## Task objective
Across the entries below, how many lines have the word "Stock" in them? Respond with only the number.

Data excerpts
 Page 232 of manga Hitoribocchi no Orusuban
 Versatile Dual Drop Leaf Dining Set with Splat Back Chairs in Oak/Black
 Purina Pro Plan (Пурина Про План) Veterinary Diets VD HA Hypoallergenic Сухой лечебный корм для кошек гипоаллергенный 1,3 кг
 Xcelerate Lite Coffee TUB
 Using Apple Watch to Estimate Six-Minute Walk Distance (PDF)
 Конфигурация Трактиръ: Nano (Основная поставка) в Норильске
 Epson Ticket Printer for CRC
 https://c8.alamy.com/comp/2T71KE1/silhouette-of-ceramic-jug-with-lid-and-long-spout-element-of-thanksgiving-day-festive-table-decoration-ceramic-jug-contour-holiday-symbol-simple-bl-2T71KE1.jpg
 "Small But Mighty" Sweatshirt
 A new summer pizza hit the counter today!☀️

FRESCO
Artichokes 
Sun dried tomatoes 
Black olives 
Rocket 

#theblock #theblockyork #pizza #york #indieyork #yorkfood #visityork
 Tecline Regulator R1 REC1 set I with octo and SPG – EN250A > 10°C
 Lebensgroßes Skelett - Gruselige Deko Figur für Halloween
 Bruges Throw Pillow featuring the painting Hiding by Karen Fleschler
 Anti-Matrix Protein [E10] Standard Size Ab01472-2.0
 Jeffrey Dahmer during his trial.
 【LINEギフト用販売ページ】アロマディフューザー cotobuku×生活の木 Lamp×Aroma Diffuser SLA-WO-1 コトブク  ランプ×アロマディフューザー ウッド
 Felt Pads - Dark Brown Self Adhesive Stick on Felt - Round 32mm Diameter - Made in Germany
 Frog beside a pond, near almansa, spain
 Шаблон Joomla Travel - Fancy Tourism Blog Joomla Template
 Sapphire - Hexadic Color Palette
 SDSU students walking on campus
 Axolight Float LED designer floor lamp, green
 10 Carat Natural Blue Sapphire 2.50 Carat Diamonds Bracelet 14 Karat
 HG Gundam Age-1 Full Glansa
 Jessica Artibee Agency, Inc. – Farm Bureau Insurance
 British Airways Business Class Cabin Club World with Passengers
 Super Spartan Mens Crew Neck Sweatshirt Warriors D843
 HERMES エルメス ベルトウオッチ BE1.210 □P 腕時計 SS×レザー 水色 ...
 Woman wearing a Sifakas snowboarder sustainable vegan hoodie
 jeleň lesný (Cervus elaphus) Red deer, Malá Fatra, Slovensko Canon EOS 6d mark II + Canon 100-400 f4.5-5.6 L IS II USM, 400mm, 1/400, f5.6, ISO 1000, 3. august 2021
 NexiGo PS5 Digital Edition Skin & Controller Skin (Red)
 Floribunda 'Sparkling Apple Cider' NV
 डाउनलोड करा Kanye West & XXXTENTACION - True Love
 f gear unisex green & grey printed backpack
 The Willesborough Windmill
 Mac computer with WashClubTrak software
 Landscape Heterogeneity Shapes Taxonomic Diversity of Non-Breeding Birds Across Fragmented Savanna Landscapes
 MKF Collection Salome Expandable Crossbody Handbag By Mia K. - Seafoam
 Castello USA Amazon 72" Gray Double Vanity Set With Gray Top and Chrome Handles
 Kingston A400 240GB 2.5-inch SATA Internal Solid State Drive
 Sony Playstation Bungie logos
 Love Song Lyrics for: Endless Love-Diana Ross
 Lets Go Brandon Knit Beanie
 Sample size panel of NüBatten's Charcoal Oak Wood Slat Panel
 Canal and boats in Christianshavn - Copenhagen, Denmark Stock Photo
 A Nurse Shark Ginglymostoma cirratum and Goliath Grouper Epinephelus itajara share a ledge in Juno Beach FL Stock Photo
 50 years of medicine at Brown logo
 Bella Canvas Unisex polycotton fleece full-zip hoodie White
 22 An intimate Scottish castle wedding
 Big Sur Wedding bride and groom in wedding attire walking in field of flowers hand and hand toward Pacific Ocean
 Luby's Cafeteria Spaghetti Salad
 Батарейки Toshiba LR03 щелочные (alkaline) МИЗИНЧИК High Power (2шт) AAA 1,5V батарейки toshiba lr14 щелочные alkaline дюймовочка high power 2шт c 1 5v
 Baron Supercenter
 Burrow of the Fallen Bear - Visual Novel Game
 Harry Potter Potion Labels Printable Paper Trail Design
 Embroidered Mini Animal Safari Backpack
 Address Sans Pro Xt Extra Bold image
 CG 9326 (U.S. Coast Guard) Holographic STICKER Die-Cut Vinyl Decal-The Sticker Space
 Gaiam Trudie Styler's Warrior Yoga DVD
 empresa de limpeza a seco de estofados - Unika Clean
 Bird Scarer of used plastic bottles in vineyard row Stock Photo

## Response for this exercise
3